I can forgive Ms Langley’s use of this particular style of writing as I believe it does help to make the story of the dig more accessible. It will also make the subject less daunting and dry to those who would not normally read a book based on a historical figure or even one about archaeology. Making history and archaeology more accessible can never be a bad thing.
What I find harder to forgive is the intrusion of Ms Langley’s ego into the whole affair. I lost count of the number of times Philippa Langley’s ‘intuition’, at where Richard was buried, is mentioned throughout the book.  She continually reminds the reader that she had a psychic or instinctual feeling when she walked over the car park area some three years before the dig and knew from that moment that she had found Richard’s burial site. What put any doubts she had to rest was the large letter ‘R’ marked on the ground. (The ‘R’ referred to a reserved parking place). When the bones are found she turns to Richard Buckley, the lead archaeologist of the University of Leicester Archaeologist Services (ULAS),  and says “You do know where the bones have been found”.
She also writes,

“I tell myself I have to go with what feels right what my instinct is telling me. That has been the story of this project from the start and I’m not going to stop now”.

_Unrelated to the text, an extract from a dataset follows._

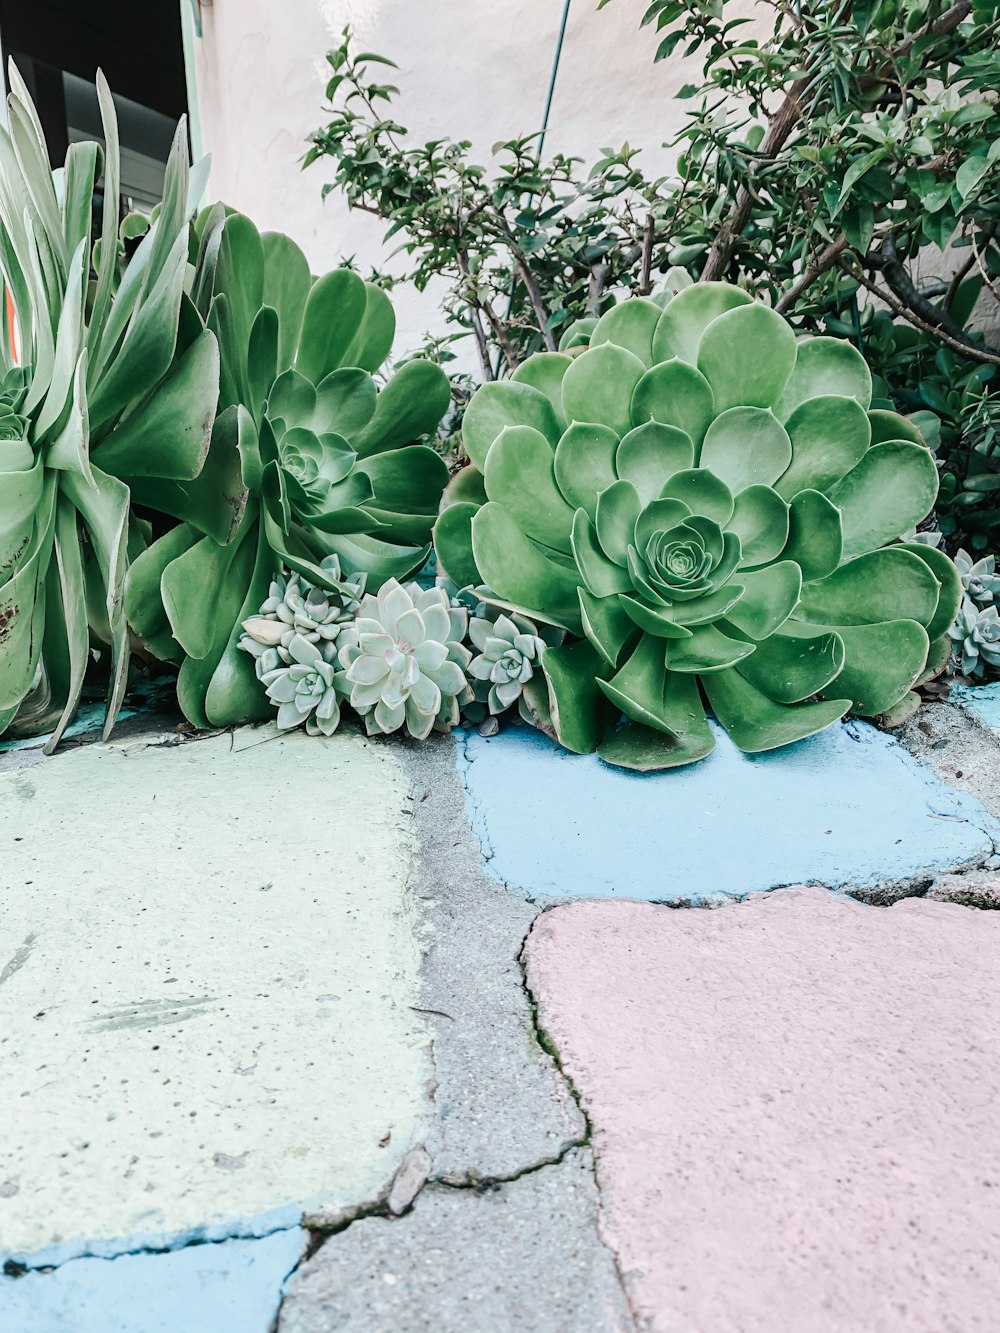 green succulent plants on gray concrete floor

Though Philippa Langley certainly does acknowledge and credit the help she obtained from such people as Dr John Ashdown-Hill (historian who tracked Mr Ibsen ten years previously and without whose research there would have been no search for the Plantagenet King), and Annette Carson a writer and member of the Richard III Society, it does feel at times that they are simply bit players in the leading lady’s script.
However, if one can put all that aside and I did, the book is a superb read with never a dull moment and if hunger had not interrupted my reading I would never have put the book down.

Philippa Langley and Michael Jones book is a resounding success and it would not surprise this reviewer if this book manages to coax the younger generation to get interested in the history of Great Britain. And one can’t say fairer than that.

Number of Pages - 320
Sex Scenes - None
Profanity - None
Genre - Historical

This is a review of an an advanced copy supplied by the publishers through NetGalley.com.